公園にランナーの姿も増えた(時事通信フォト)

 攻撃の対象は、店舗だけにとどまらない。「自粛要請が出ているのに公園で子どもが遊んでいる。子どもがマスクをしないでうろうろしていいのか。通報しても対応してくれない」という怒りの投稿も見かけた。しかし密集を避けて公園で遊ぶことは悪いことではないし、マスクをしないだけでは通報対象とはならない。

「なんで子どもが外で遊んでいるんだ! この、コロナバイキン!」と、知らないおばあさんから怒鳴りつけられたという子どもの話を聞いた。このような話は多く、「知らないおじさんやおばさんに叱られるからもう外に出たくない」と言っている小学生もいるほどだ。

 公園の遊具に黄色いテープなどが巻かれて利用できないようになっている地域もあり、子どもの存在が許容されていないことを感じる。

◆感染者の個人情報特定をする人たち

 報道を受けての犯人探しも続いている。味覚・嗅覚に異常を感じながらGW中に山梨県の実家に帰省し、陽性と判明した後に高速バスで帰京した東京在住の20代女性に対するインターネット上の反応はかなり厳しいものだ。

 自粛期間中の帰省、しかも県内の20代の男性に感染させた上、陽性がわかった後に帰京という条件が重なり、女性へのバッシングは広がってしまった。女性が誰なのかを特定したという情報はインターネット上にあふれ、女性の勤務先とされた会社がホームページで風評被害として否定することになった。昨年、あおり運転傷害事件で逮捕された人物の関係者だとネットで決めつけられた女性が、SNSで該当の発信をした人たちを相手に名誉毀損で訴えたことは記憶に新しい。それより前、神奈川県で2017年に起きた東名あおり運転事故では、2020年4月になって、被告の男の勤務先についてネット上に誤った情報を投稿した1人が起訴、5人が略式起訴され罰金刑がくだされている。新型コロナウイルスについても、同じ事が繰り返されているのだ。

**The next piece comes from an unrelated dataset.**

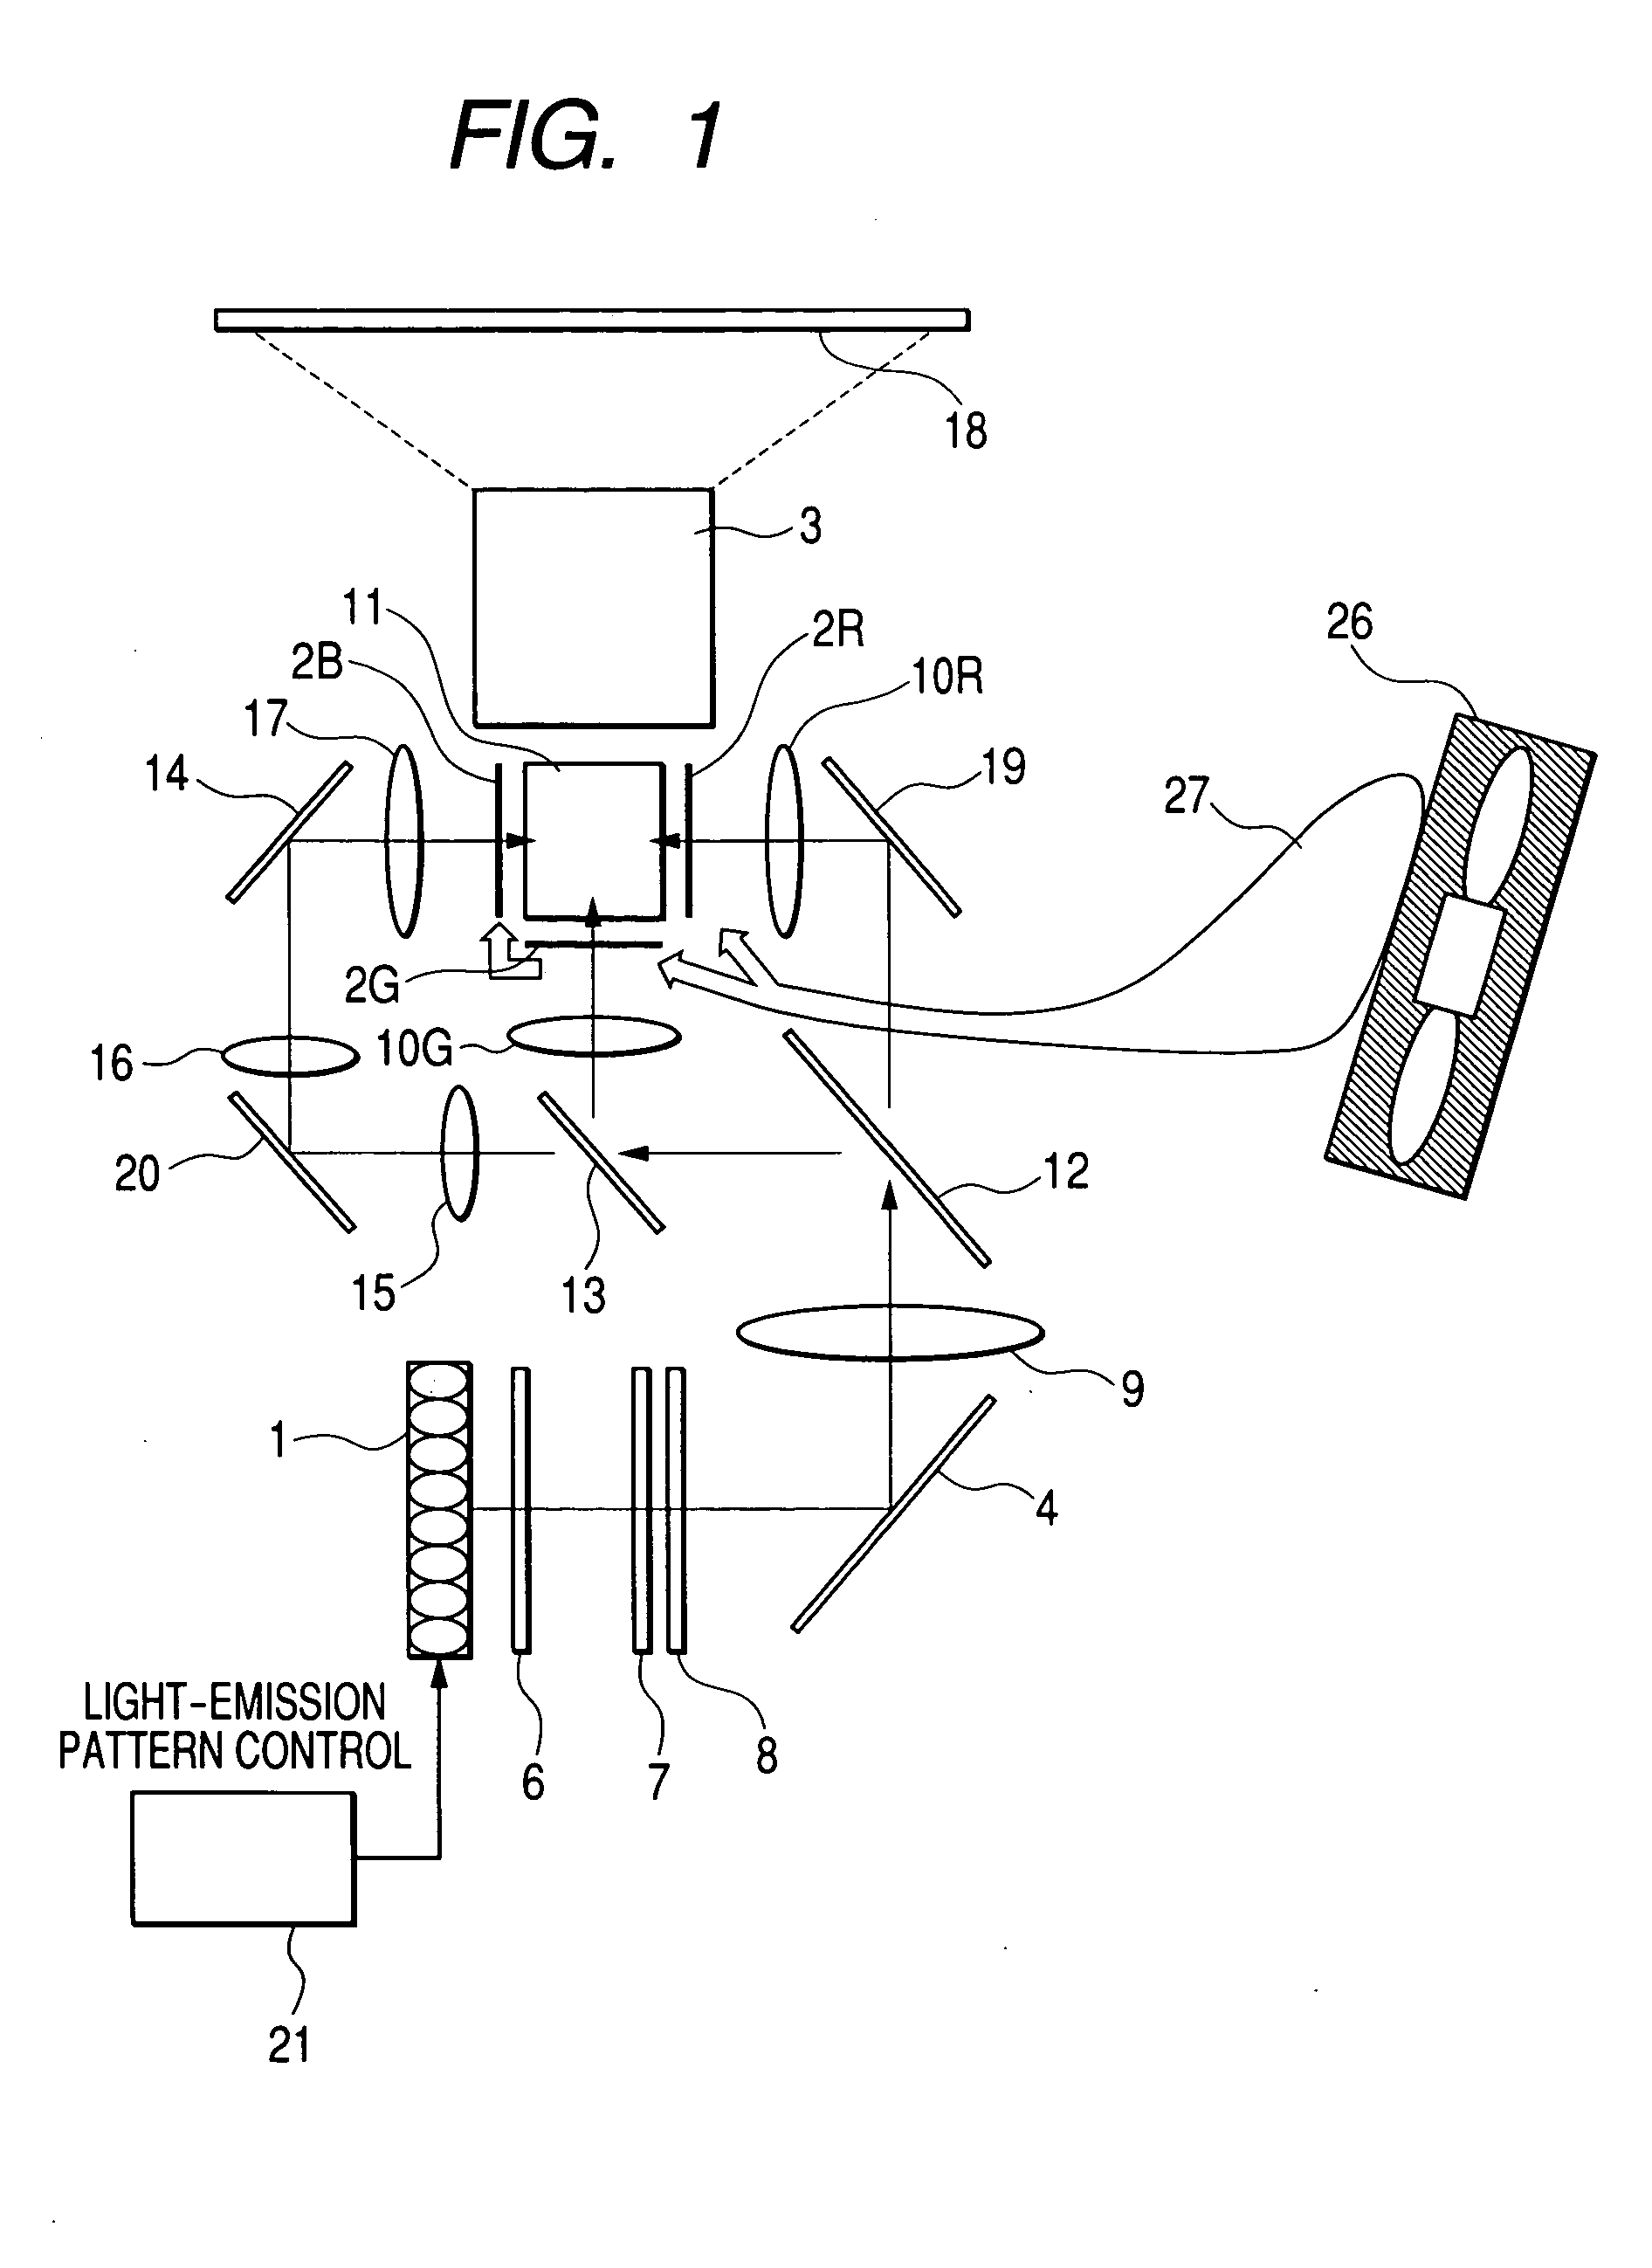 Projection-type image display apparatus

 ましてや今回は、行動に少々軽率な点こそ見られたが、女性はウイルスに感染しただけで、予期せぬ事故のようなものに遭っただけの不運な人だ。彼女の個人情報だとされるものが流布されるいわれはない。これに対しては、山梨県が重大な人権侵害ととらえ、ネット上にプライバシーを脅かす情報が流れていないか調べ、犯罪性があれば警察に情報提供し、弁護士と協力して人権救済を支援することを検討するとしている。

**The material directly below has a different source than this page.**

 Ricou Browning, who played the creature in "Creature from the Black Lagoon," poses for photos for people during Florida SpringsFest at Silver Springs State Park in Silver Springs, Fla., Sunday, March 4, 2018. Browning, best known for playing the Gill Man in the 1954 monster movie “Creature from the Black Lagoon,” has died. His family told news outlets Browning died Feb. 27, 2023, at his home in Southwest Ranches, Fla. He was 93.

 感染者が罪人のように扱われる例は、これだけではない。大学生が海外旅行に行って感染し、帰国後に卒業式や懇親会に参加していた例でも同様に批判が殺到し、やはり個人情報が特定され、さらされてしまった。感染後の行動が不注意であっても、それだけで他人の個人情報をさらし者にしたり、ネット上で誹謗中傷してもいいのだろうか。

◆正義感や同調圧力による攻撃行動

 新型コロナウイルスに関しても様々なネット炎上が起きているが、炎上とはネットユーザーの1%にも満たない人によって起きているという山口真一・国際大学GLOCOM准教授による調査結果がある。そして、炎上を起こしている人たちの多くは、無職で時間が余っている若者などではなく、年収が高めの既婚男性が多いと分析されている。